Now more than ever it is possible to "do your own thing" in a college music program. By Richard Smith.

5 albums as solo artist, all won top five honors for airplay, and award best new group, Radio & Records magazine), a nomination for record of the year (Ad Lib Magazine, Japan). Average 100 concerts a year, many with Capitol / Bluenote Saxophonist Richard Elliot, RCA Saxophonist Warren Hill, Pianist Dan Siegel or with own group. Studio work in film, records and television for New World, Capitol, Bluenote, RCA, Sony, CBS, Mesa Bluemoon, Brainchild, BET, VH1, and PBS. Associate Professor, Chairman - Studio/Jazz Guitar Department, University of Southern California (L.A.) - ranked by N.A.S.M. as one of the top music conservatories in the U.S. Attended The University of Oregon and North Texas State University (B.S. '84) and U.S.C. (MM '87) Masterclasses at The Musicians Institute, Hollywood, National Guitar Summer Workshops, Musicians Academy of London, International Musicians Academy of Malaysia, University of Northern Texas, etc.

By the time I turned 17 I was completely obsessed with the guitar. To be honest, the obsession was with music in any form. I played guitar in a band that gigged at high school dances, had a Jazz/rock band that gigged in nightclubs (I passed for 21, or made arrangements with the management), studied classical guitar, played in the big band, sang in the choir, and played string bass in the orchestra(!). It is almost unbelievable to me that many high schools now days have no music program whatsoever, and if they do, nothing of substance for a guitarist. If it weren't for this wonderful environment that I immersed myself in as a teenager, I believe life would have turned out much differently!


The problem here was that the music profession is incredibly tough, and the timeline for training in it is very short. For someone who aspires to succeed in a music career (be it classical, jazz, rock, alternative, metal, grunge etc..) time is of the essence

My family is very college oriented, so I received a lot of encouragement to audition for music schools (I wanted to hit the road, but that was not an option). I also felt that if music was to be my life and career, I should probably see how they have been teaching it in college for 400 years, and see if that was for me. The University of Oregon (in Eugene) was within walking distance of my home, so when the time came, I auditioned for the school of music. Luckily,beaause I had learned some classical pieces and had been studying with a good teacher, I squeaked by at the audition.

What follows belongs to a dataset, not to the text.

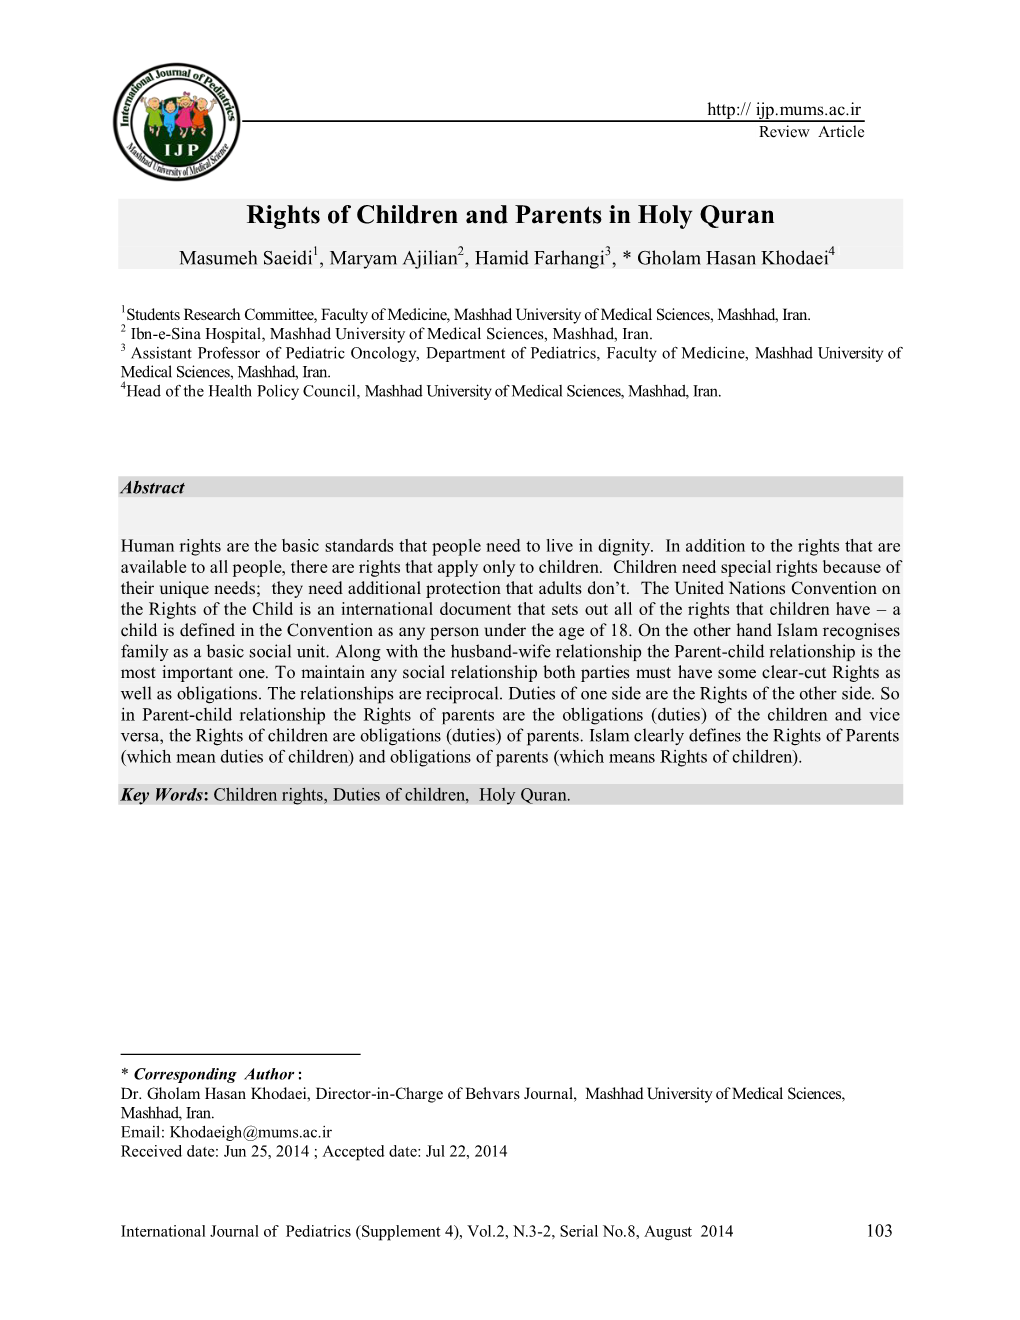 Rights of Children and Parents in Holy Quran Masumeh Saeidi1, Maryam Ajilian2, Hamid Farhangi3, * Gholam Hasan Khodaei41

At the time, the U of O was like many music schools in that there was no degree offered even in classical guitar, much less contemporary, studio, or jazz guitar. The curriculum was 99.9% classically oriented and once people got the idea that I was a) a guitarist b) an electric guitarist and c) played blues, jazz and rock n' roll (god forbid!), I got the distinct impression from some faculty and most students that I had somehow come to the wrong place. (Since then, I am happy to say that the U of O has developed an excellent jazz studies program and faculty, which welcomes electrically inclined guitarists). Probably because of a variety of flaws in my own personality, I took the cold shoulder as a great challenge and pledged to learn everything I could about classical music - theory, history, analysis and performance, and most importantly to relate it back to, and have it influence my music. I learned to speak the language, understand and appreciate the music, and learn some fascinating things about the history of this profession. I did this while getting little training or positive reinforcement in the area of my real love and intended profession, which was contemporary jazz and commercial music.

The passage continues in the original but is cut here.